‘Dignity’ for late activists’ families –

THE families of murdered anti-apartheid activists Griffiths and Victoria Mxenge and Justice Mbizana have welcomed last week’s Constitutional Court judgment that amnestied killers can still be called “murderers”.

The judgment came after former Ekurhuleni metro police chief, Robert McBride sued The Citizen newspaper for calling him a murderer though he had been granted amnesty for his role in planting a bomb in Magoo’s bar in Durban in 1986.

The high court and supreme court of appeal first ruled that amnesty wipes out a conviction, making it as if the murder never occurred, and therefore that people should not call McBride a murderer.

But the Constitutional Court overturned this, ruling that being granted amnesty did not erase the fact that McBride, pictured, had indeed committed murder.

Joyce Mbizana, the sister of Justice Mbizana who was abducted in 1987 by members of the apartheid Security Branch, tortured and murdered along with three other members of the “Mamelodi Four”, joined the case as a friend of the court, along with Mbasa Mxenge, eldest son of Griffiths and Victoria Mxenge.
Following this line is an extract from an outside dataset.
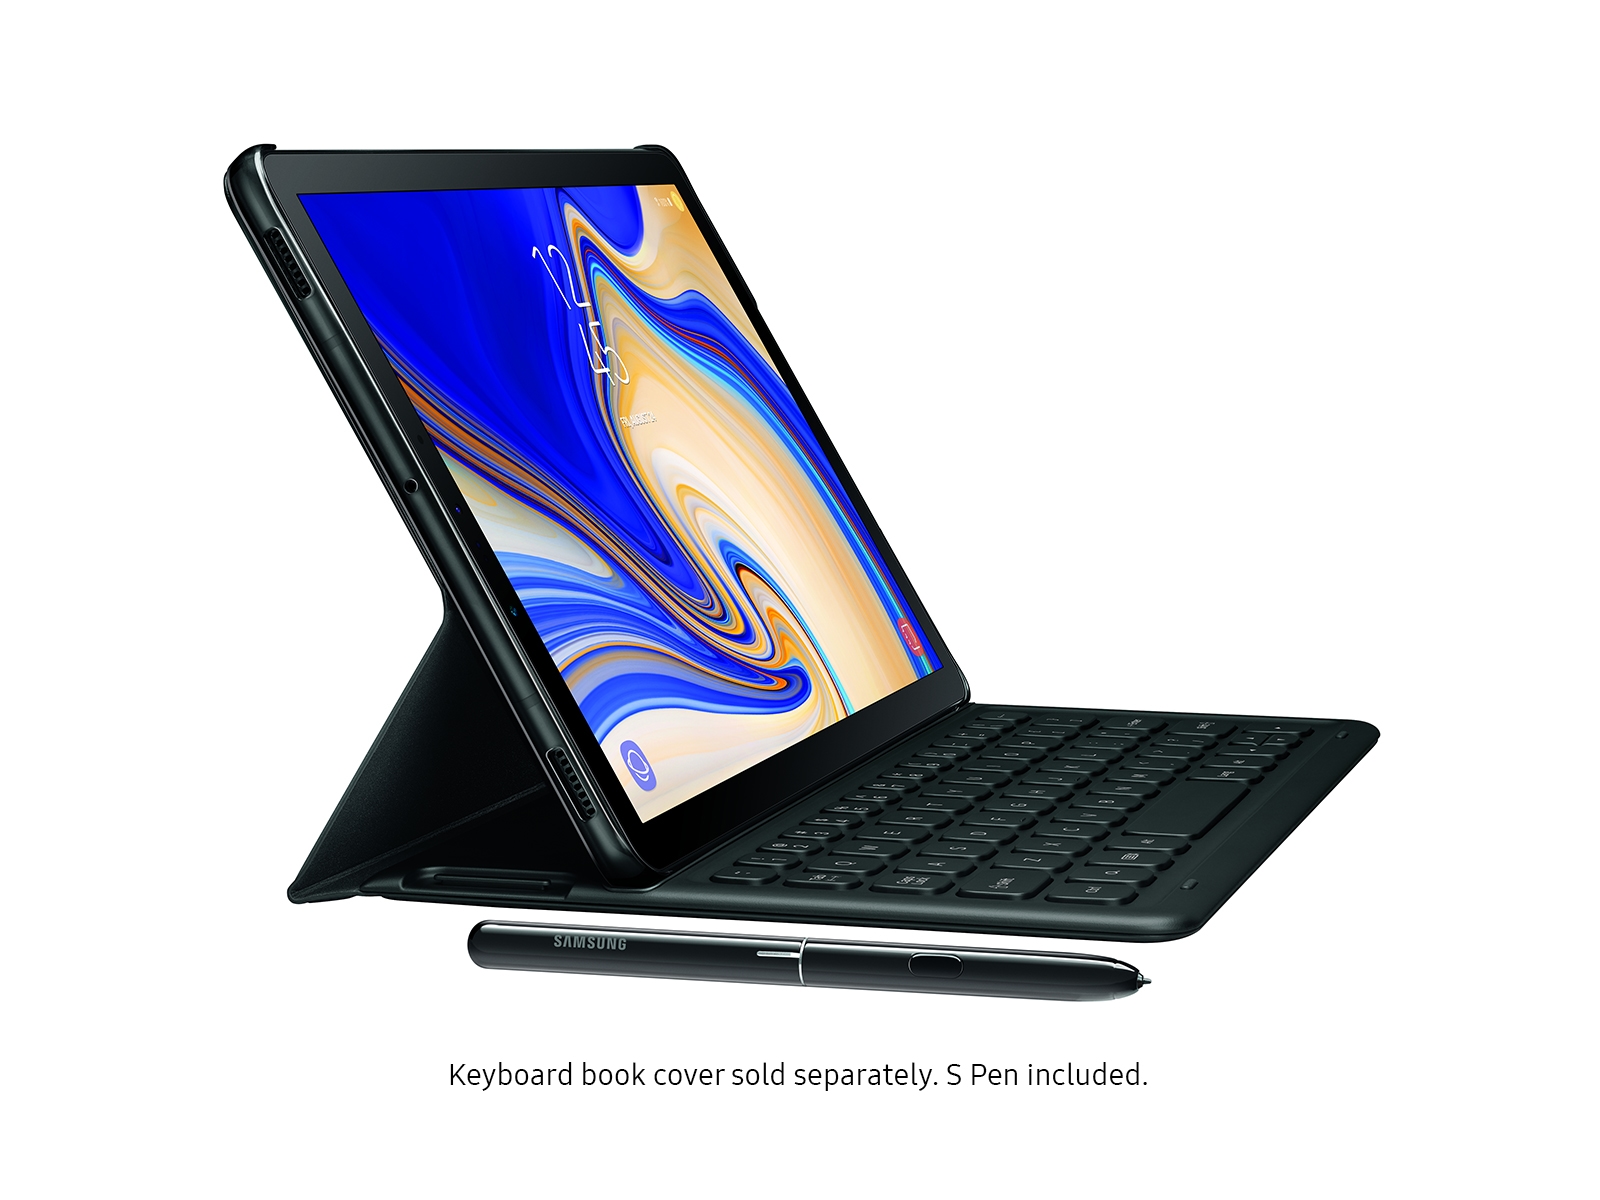 Galaxy Tab S4 10.5â (S Pen included), 64GB, Black, AT&T
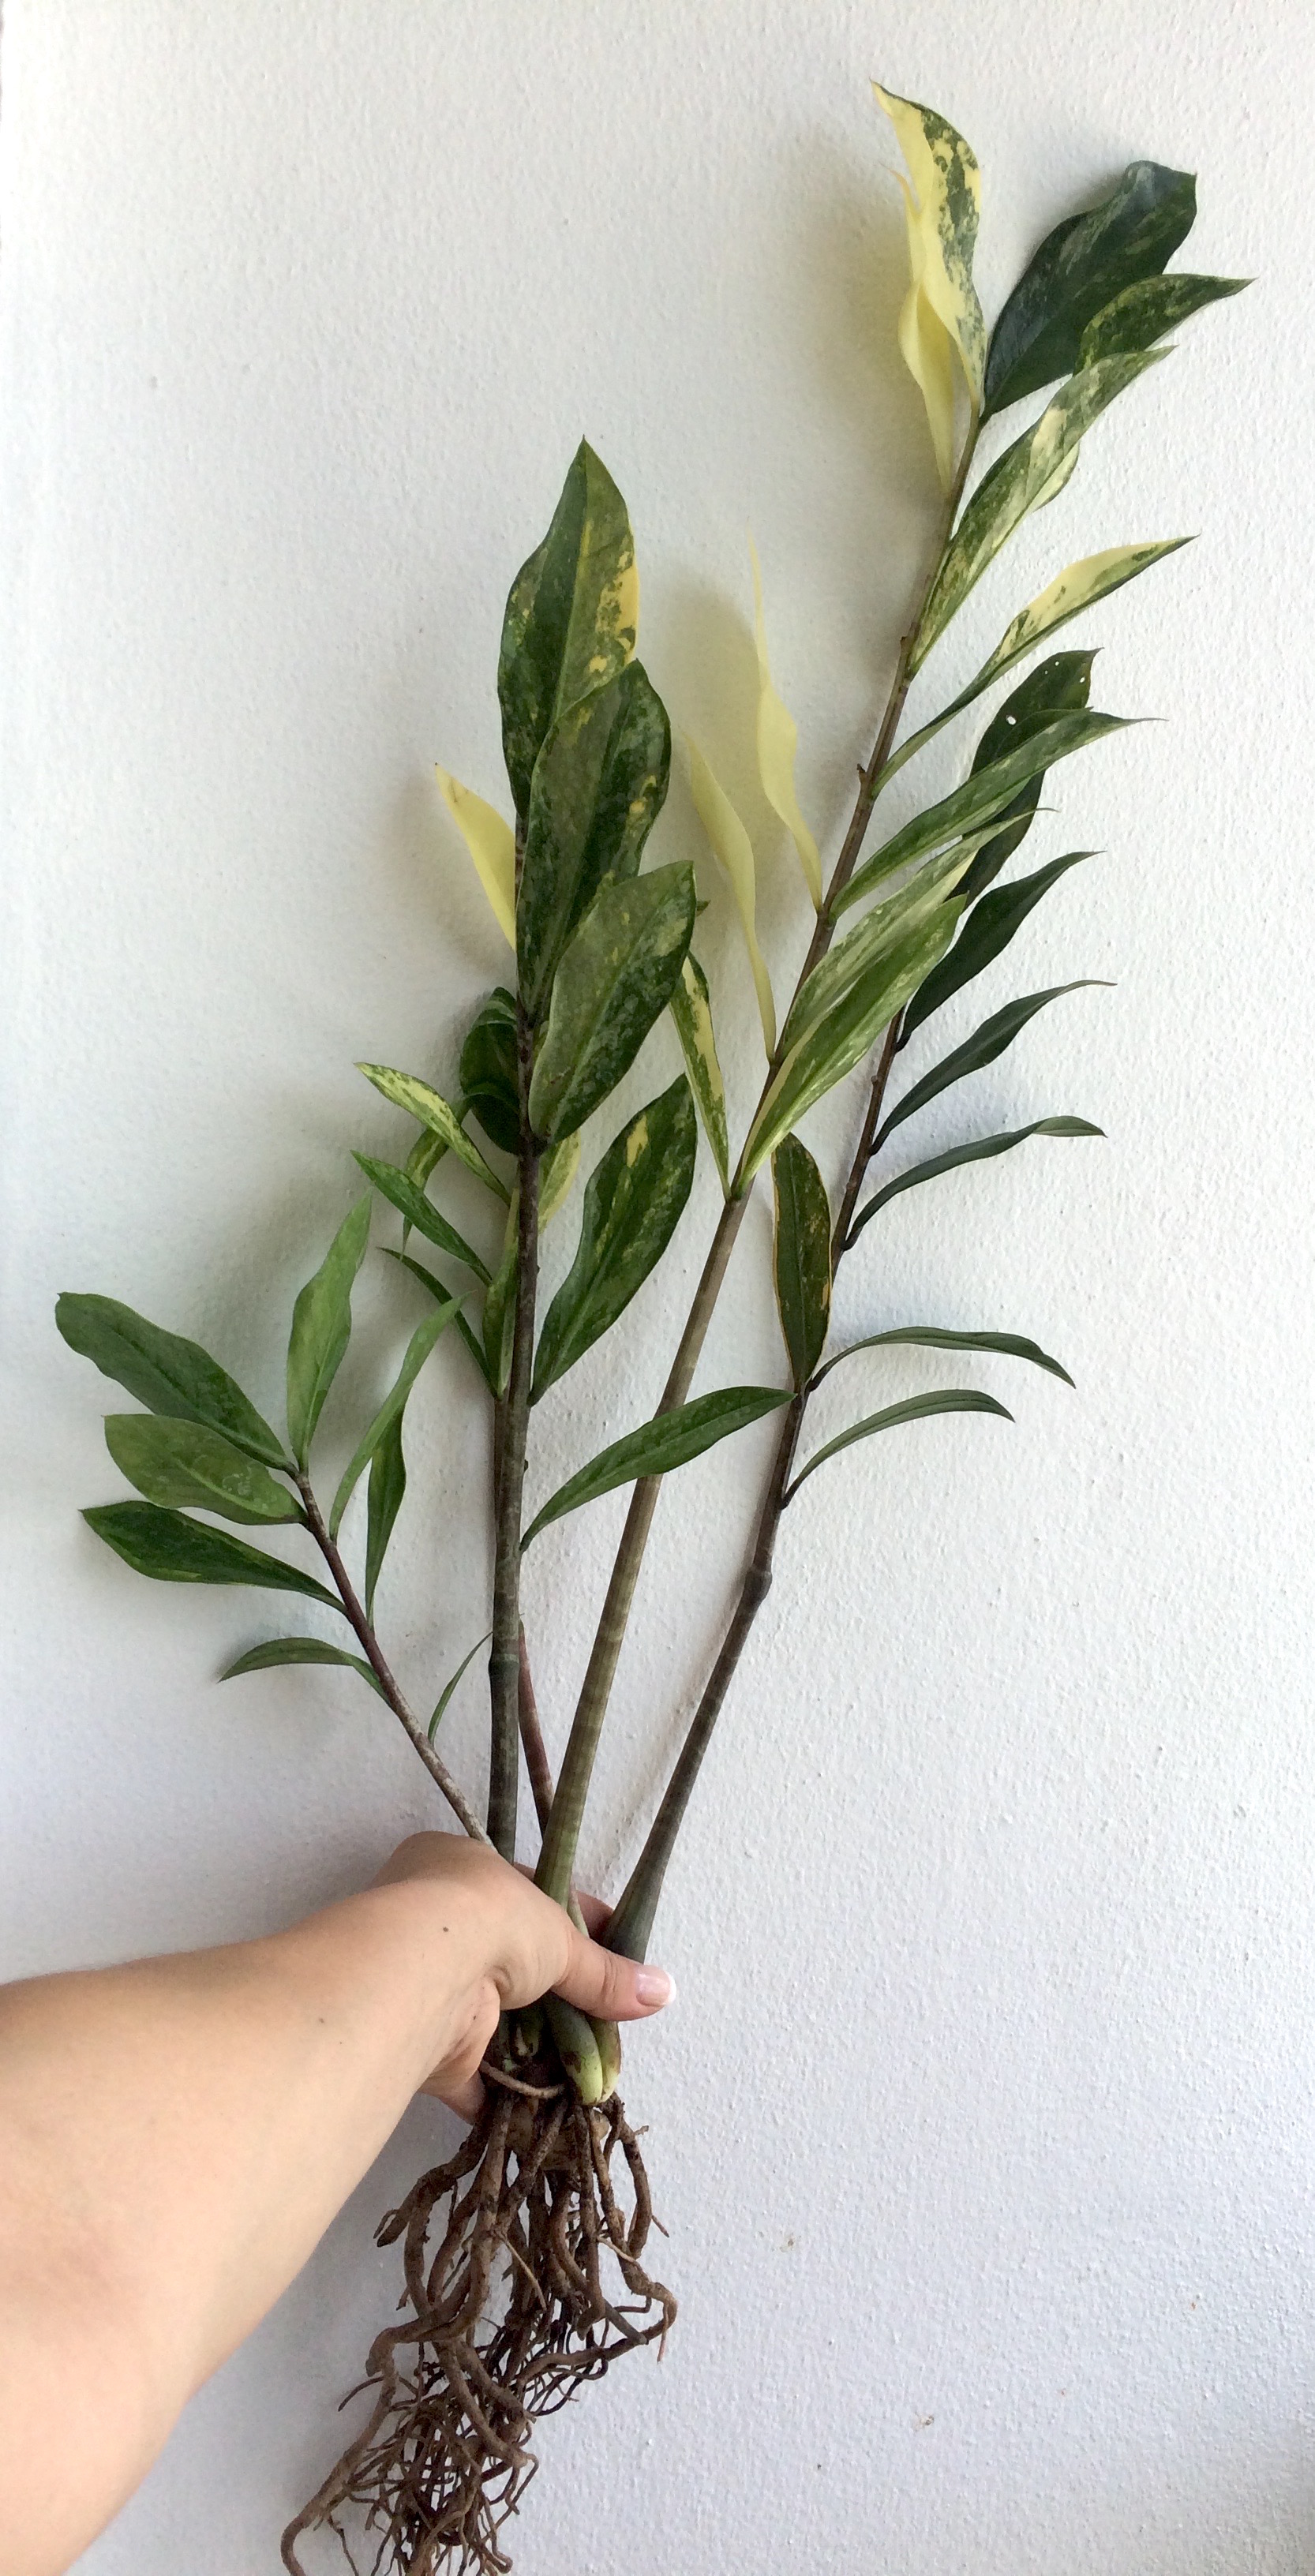 Zamioculcas zamiifolia white variegated (long leaf) / Замиокулькас замиелистный, белая вариегатность, длиннолистная форма  80-150

Lawyer Griffiths Mxenge was murdered in 1981 by askaris working for the apartheid regime, who chopped him to pieces outside his home. His wife Victoria, also a lawyer, was shot and chopped up with an axe four years later by the apartheid security branch.

The killers of Mbizana and the Mxenges were granted amnesty, but their families, represented by senior counsel Gilbert Marcus and human rights advocate Howard Varney of the International Centre for Transitional Justice, argued that they should not be stopped from speaking freely about their murders.

The Mxenge’s eldest son, Mbasa, told Sowetan yesterday that the judgment would “allow us to tell our parent’s story to future generations.

“That is part of justice. If the ruling had gone the other way, it would have meant we would not have been able to tell our story. We are very happy about this judgment,” he said.

Varney said if the Mxenge and Mbizana families had been prevented from calling their families killers “murderers” for fear of being sued for defamation, this would have stripped them of their dignity.

“The effect of amnesty could not alter the historical facts.”

The South African Coalition for Transitional Justice said the ruling would protect the “right of victims and the public to express the full truth about South Africa’s past conflicts”.